Problems with GM

We have a performance problem depending on the number and size of blocks used in the RU, as seen for example on the performance vs. fragment size plots for different block sizes. [eps] [gif] (These plots were made on the Grand Champion machine, while the following tests were done on the Dell.)

The fact that for 2500 32k blocks the problem is only present for fragment sizes above 28k suggests that the crytical factor is (related to) the number of 32k pages actually used.

I have eliminated the fedkit and all the custom hardware components, and noticed that the problem appears only for a large number of blocks. For small block sizes the problem appears with a larger number of blocks, about 17000 for 4k blocks, compared to 2000 32k blocks.

I tried a test eliminating GM, by not sending the data: In the first test the memory was only allocated, the headers set up, but the message was dropped instead of sending it. This showed the XDAQ overhead of about 3 microseconds, with a slight dependence on the number of blocks involved, but nothing like a sudden strong drop.

In a second test without GM I actually touched the data (memset) instead of sending, and arrived at a bandwidth of about 230 MB/sec, independent of the number of blocks.

To test GM alone, I modified the GM test program gm_allsize to cycle through many blocks. (The program basically sends messages as fast as it can in one direction and repeats this with different message sizes but the same block size.) The original version used 8 blocks in LIFO order.

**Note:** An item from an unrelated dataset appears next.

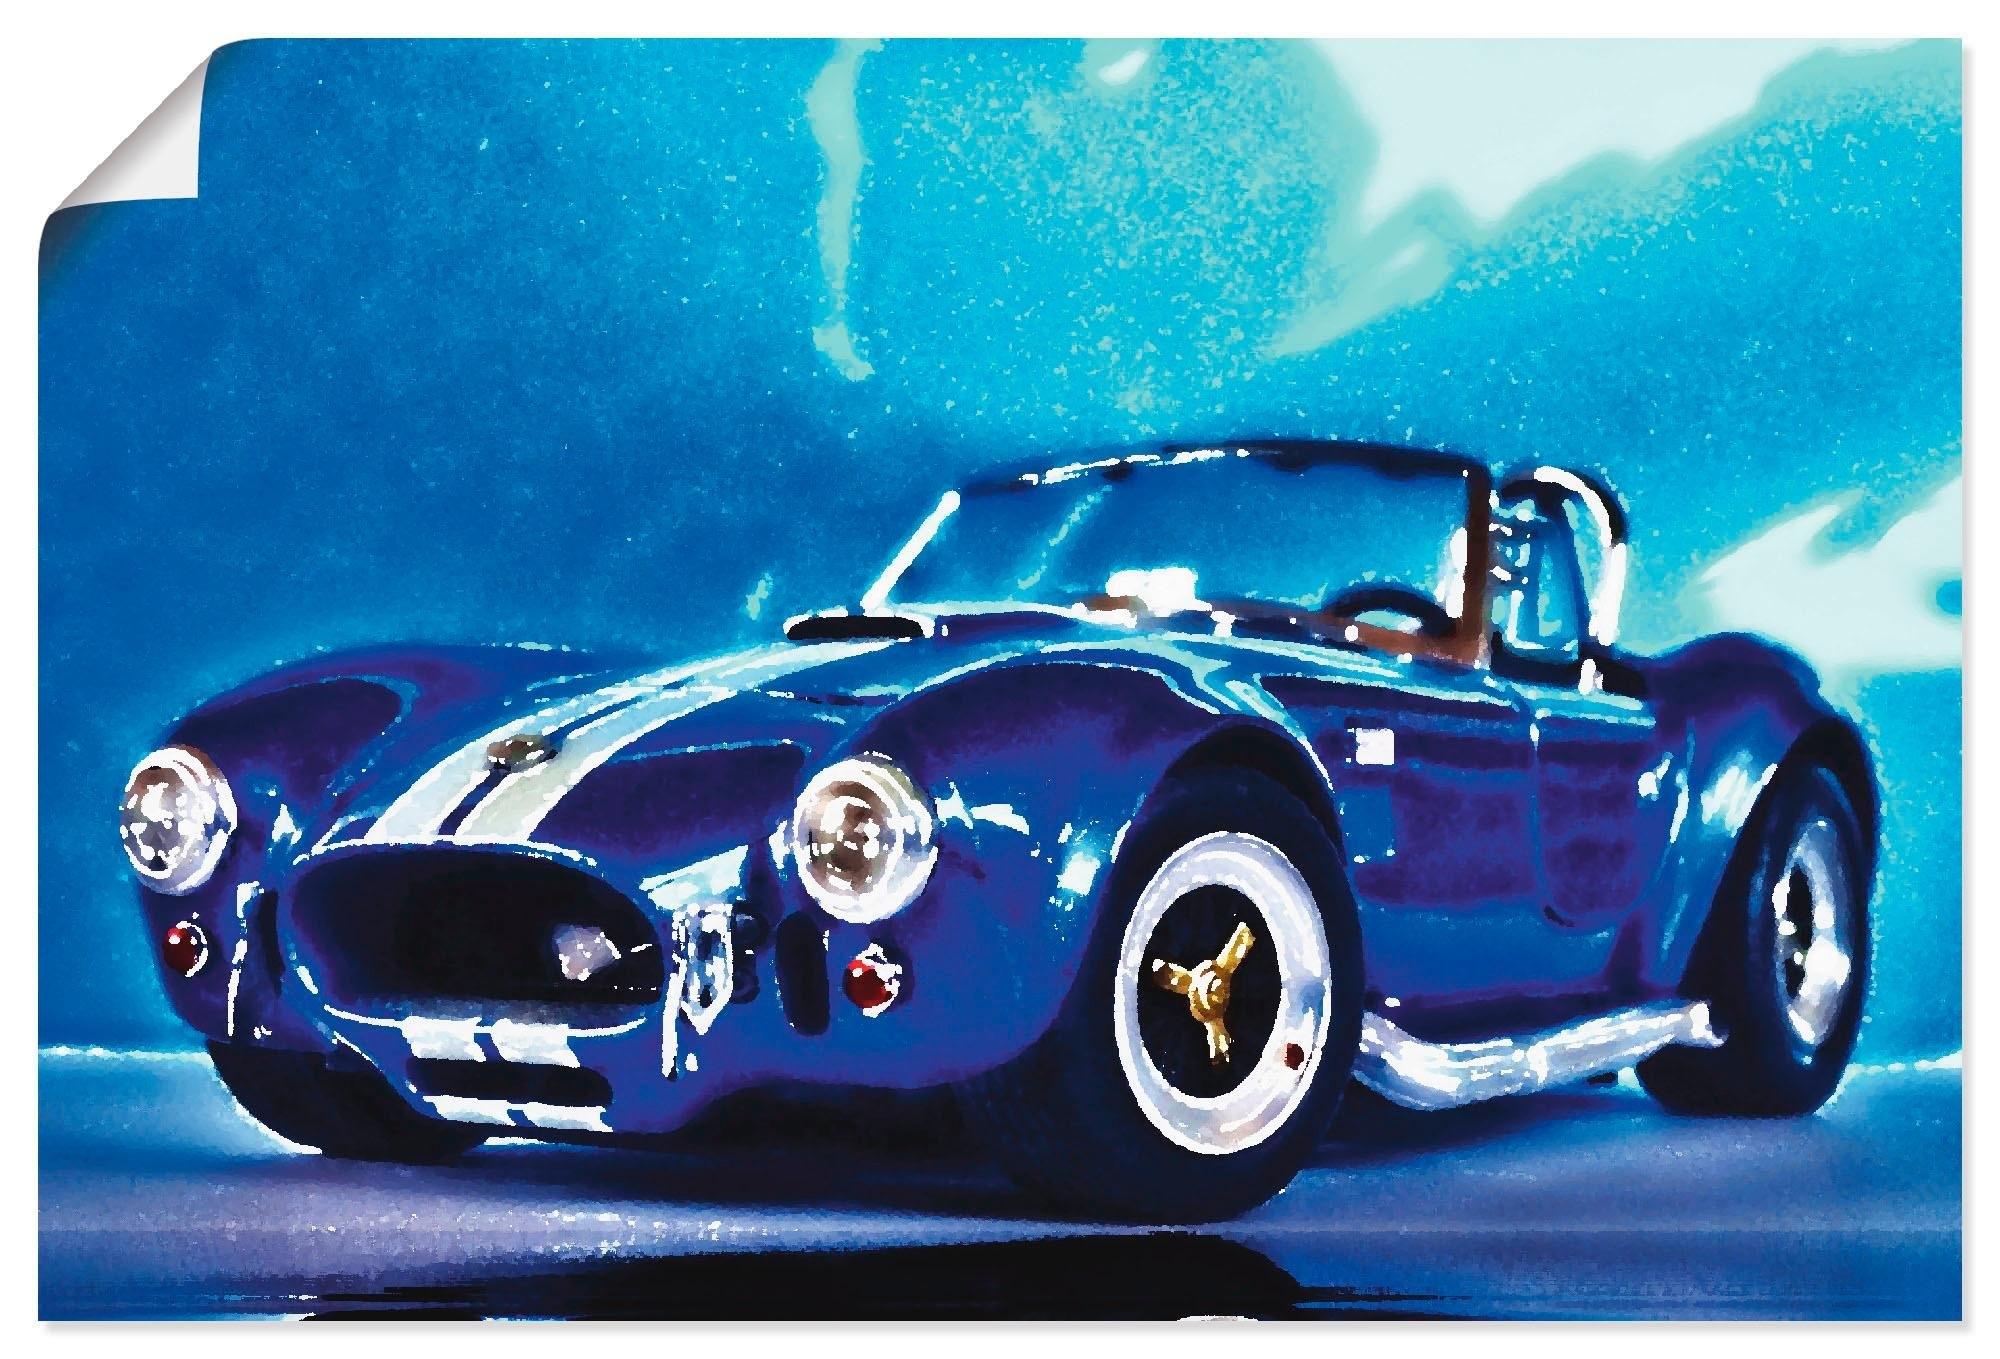 Artland artprint »Shelby Cobra« nu online bestellen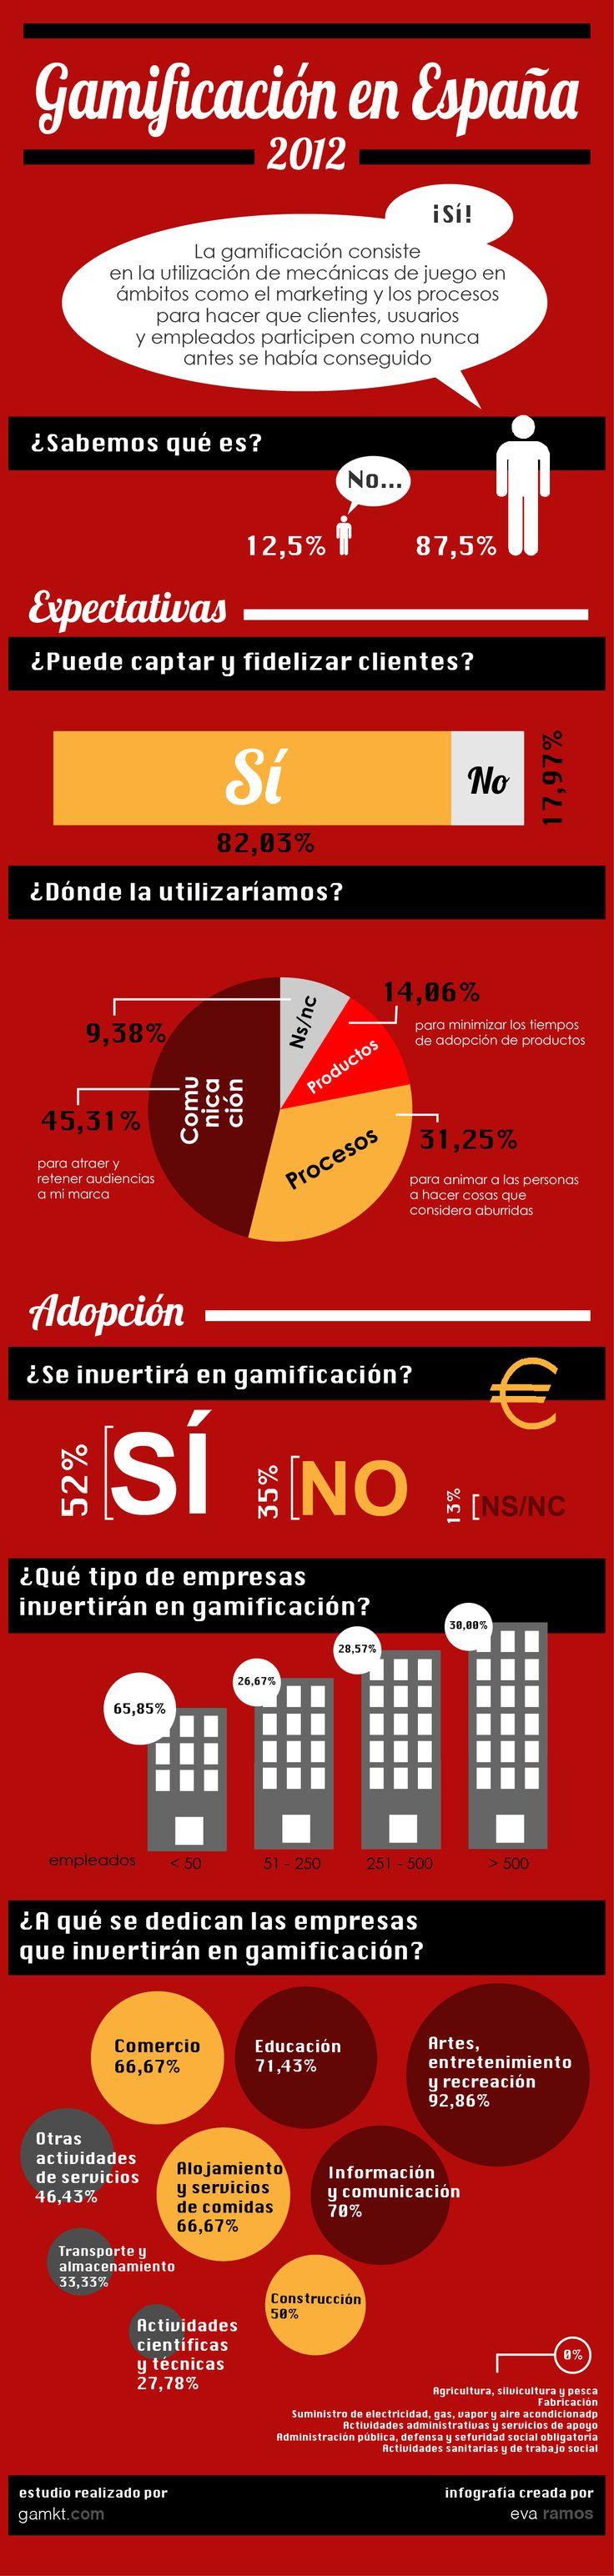 El 52% de las empresas españolas invertirán en gamificación || Un estudio realizado por GameMarketing revela que el 52% de las empresas españolas invertirán en gamificación, principalmente, las que tienen menos de 50 empleados apostarán más fuerte por este nuevo modelo…

My modification includes two things: increase the parameter SEND_BUFFERS, and change the order in which they are reused from lifo to fifo. I also had to limit the number of cuncurrent sends to 8, corresponding to the default case, to avoid a restiction in the program.

I see a sudden performance drop at 17000 blocks of 4k, [pdf] and a message-size dependent behaviour [pdf] with hysteresis in some cases for more than 2000 blocks of 32k, with jumps at multiples 4k. Some more selected data are given in the table below.
blocks drop at message size corresponding 4k pages
2200 28k 17600
2400 24k-28k hysteresis 16800-19200
2500 24k 17500
2800 20k-24k hysteresis 16800-19600
3300 20k (slight hysteresis) 19800
3400 16k 17000
The data seem to favor the hypothesis that the drop is related to the total memory (number of 4k pages) actually involved in the transfer, with the critical amount of memory somewhere above 64MB. This value reminds me of the 64 MB PCI address space of the Lanai9 card. Can this be at the root of the problem?

The requirement that the RU has to buffer in the order of one second of data means that in the order of 200MB memory will be used, so this problem clearly needs a solution.

We can not perform a measurement with more than 4000 blocks of 32k, because the size of the executable becomes bigger than the available physical memory (512 MB).